January 8th, 2021
Adenine Base Editors (ABE) convert adenine into inosine within ssDNA substrates, producing targeted A:T to G:C transition mutations. The catalytic subunit of ABE enzymes consist of an evolved tRNA adenosine deaminase (TadA) that was engineered to perform deamination of DNA substrates through the critical D108N mutation. Because natural TadA deaminates RNA molecules, it was later found that ABE retains high off-target activity against RNA molecules.
In this paper, Rallapalli et al. from the Kaushik Ganapathy, Alexis Komor and Francesco Paesani labs at UC San Diego use an elegant multidisciplinary approach including bioinformatics, biophysical techniques, MD simulations and experiments assays to study TadA/ABE activity on RNA. They use sequence-based entropy model to gain insights on the role played by each amino acid on the primary sequence of TadA.

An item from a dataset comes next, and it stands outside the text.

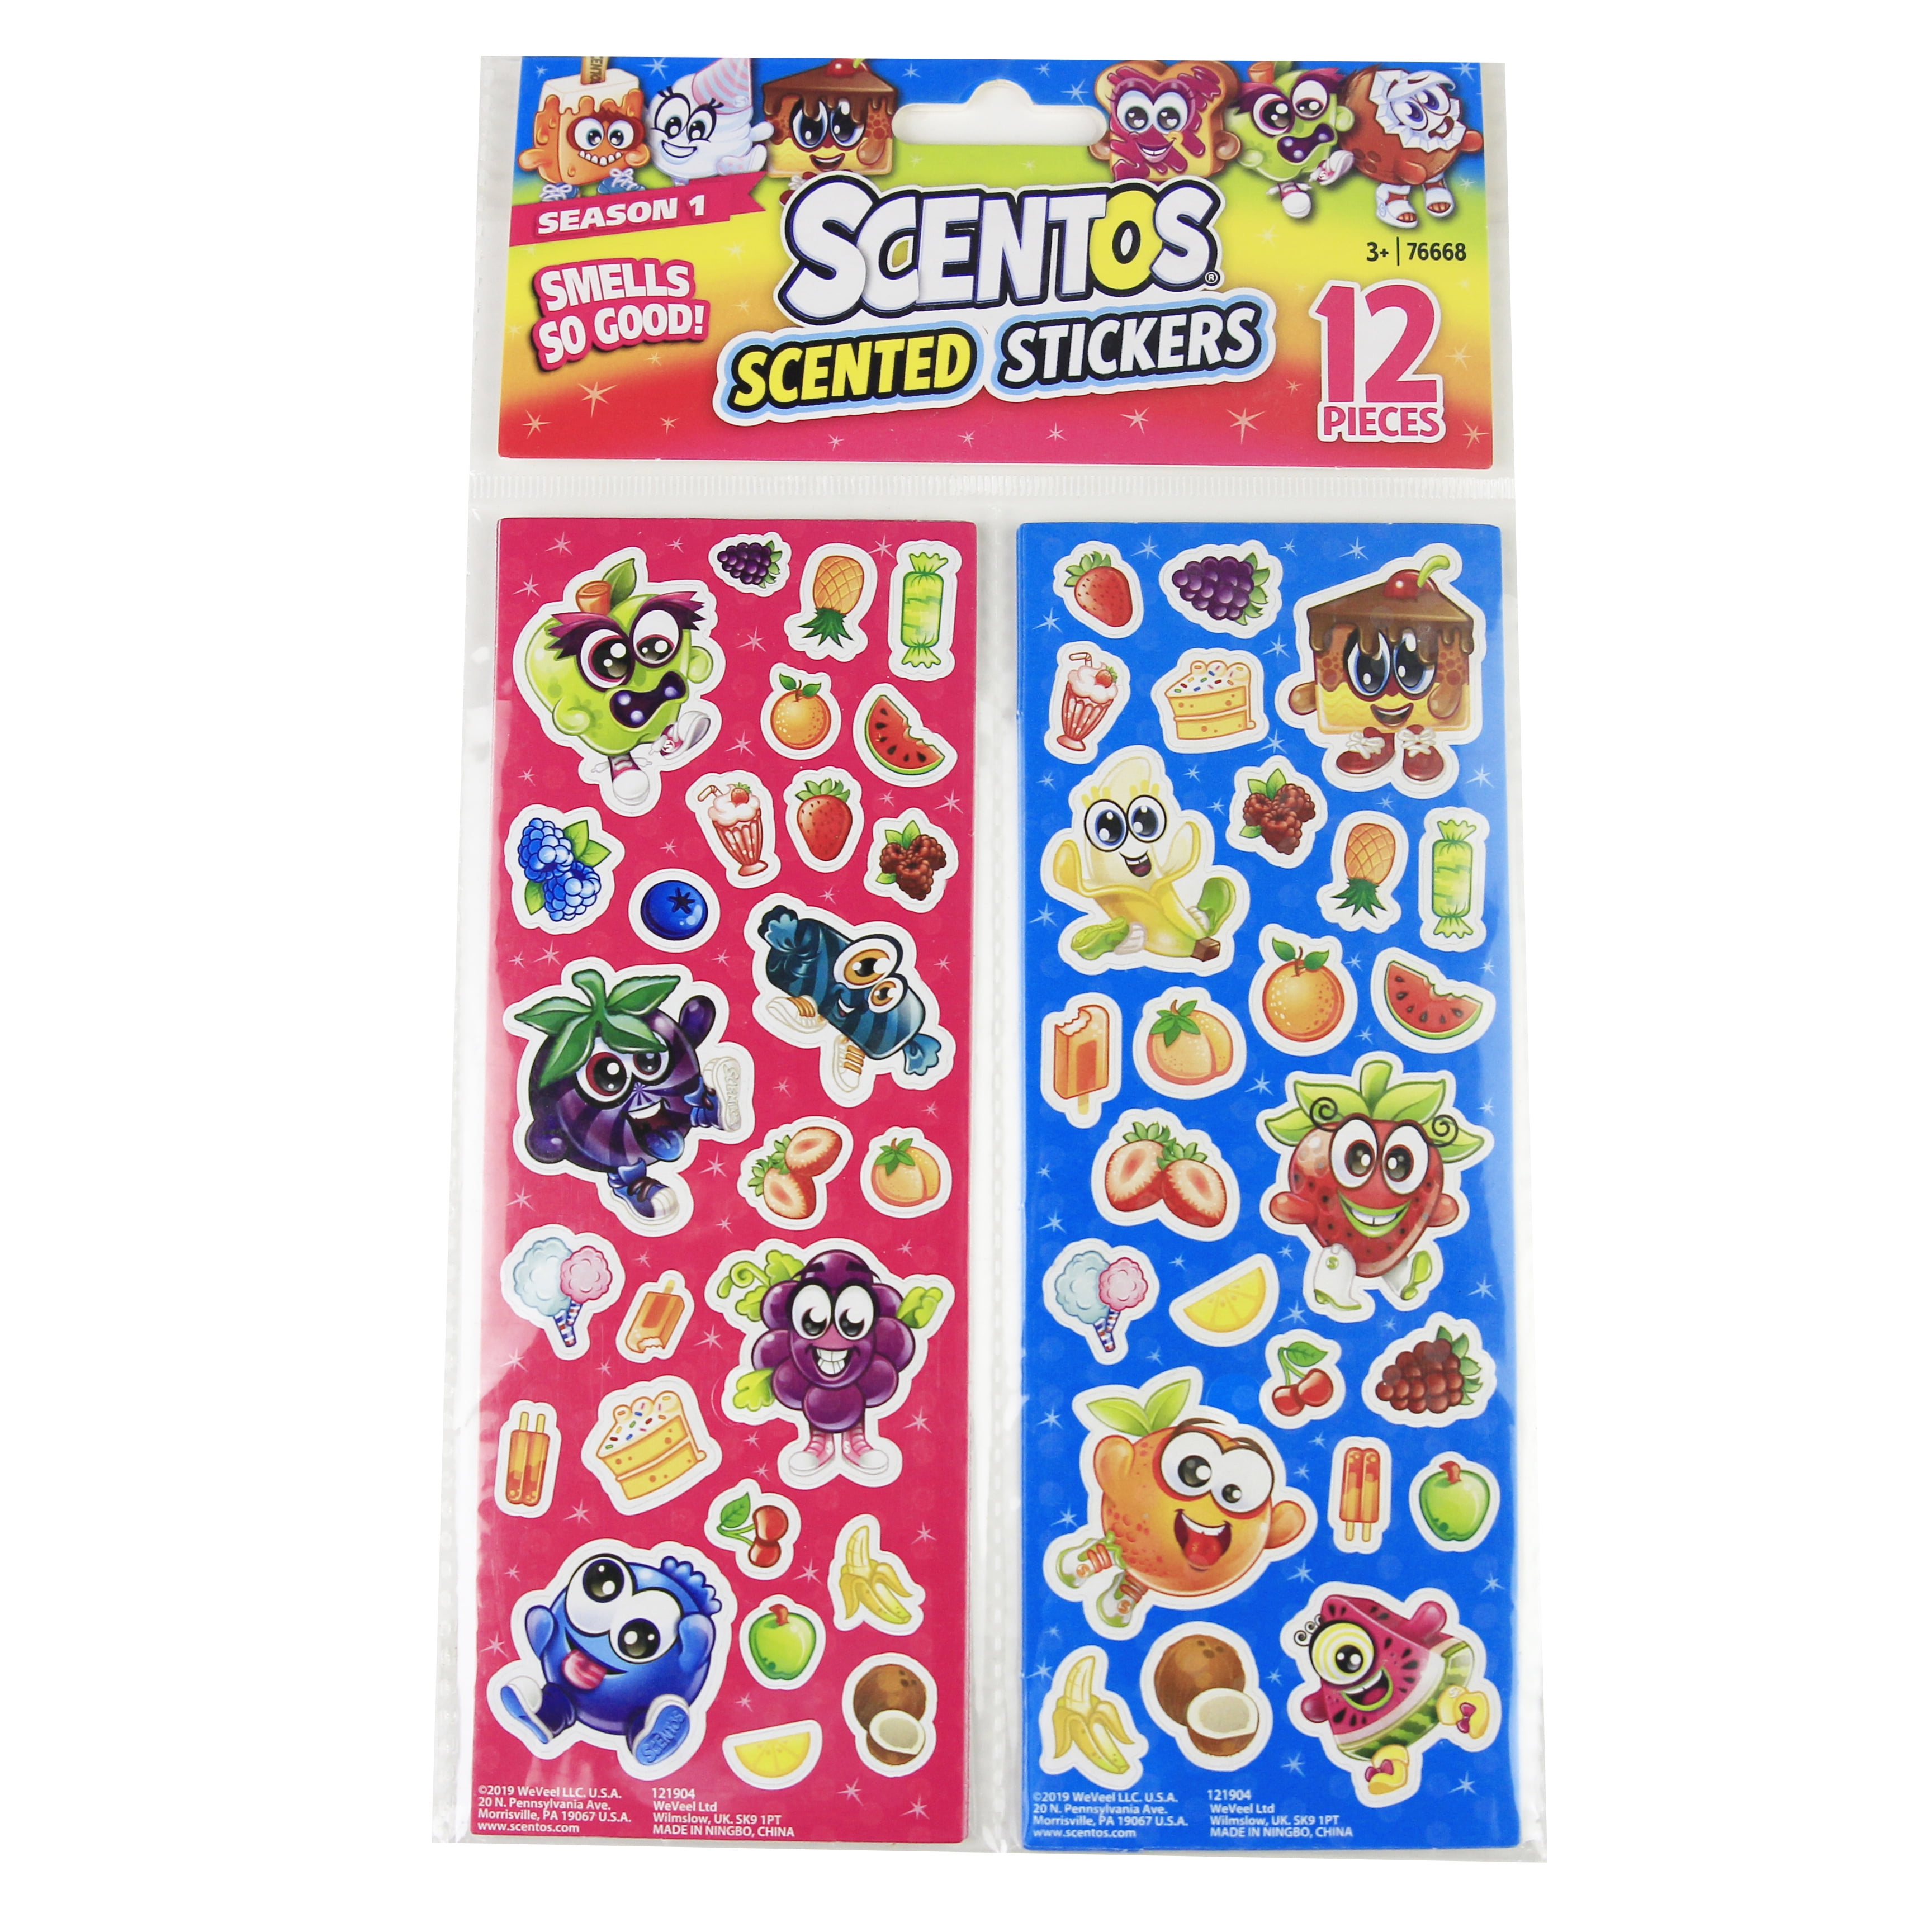 Scentos Scented 12 Pack Stickers, Party Favors, Birthday Party

Given that ABE catalyze A:T-to-G:C transitions, ABE enzymes have the potential to correct >50% of all pathogenic mutations identified in patients. This work deploys elegant strategies to gain insights into enzyme functions to engineer and improve enzymes complementary to classical mutagenesis-engineering approaches.
January 18th, 2021
Type-III CRISPR-Cas systems have the most complex mechanisms of action to provide immunity against invaders. Type-III CRISPR loci contain enzymes exhibiting both CARF (CRISPR-Cas Associated Rossmann Fold) domain, such as the important Csm6/Csx1 nuclease, and a domain with regulatory or catalytic function. Upon recognition of foreign invader's transcripts by Cas10/gRNAs effector complex, the targeted transcript is cleaved resulting in the activation of the ribonuclease Csm6. Csm6 is activated by 3'-5' cyclic oligoadenylate (cA) that bind its CARF domain, generating robust degradation of all foreign RNA transcripts. The presence of additional proteins with a CARF and catalytic domains in Type-III CRISPR loci raises questions on the possibility that other mechanisms of defense exist.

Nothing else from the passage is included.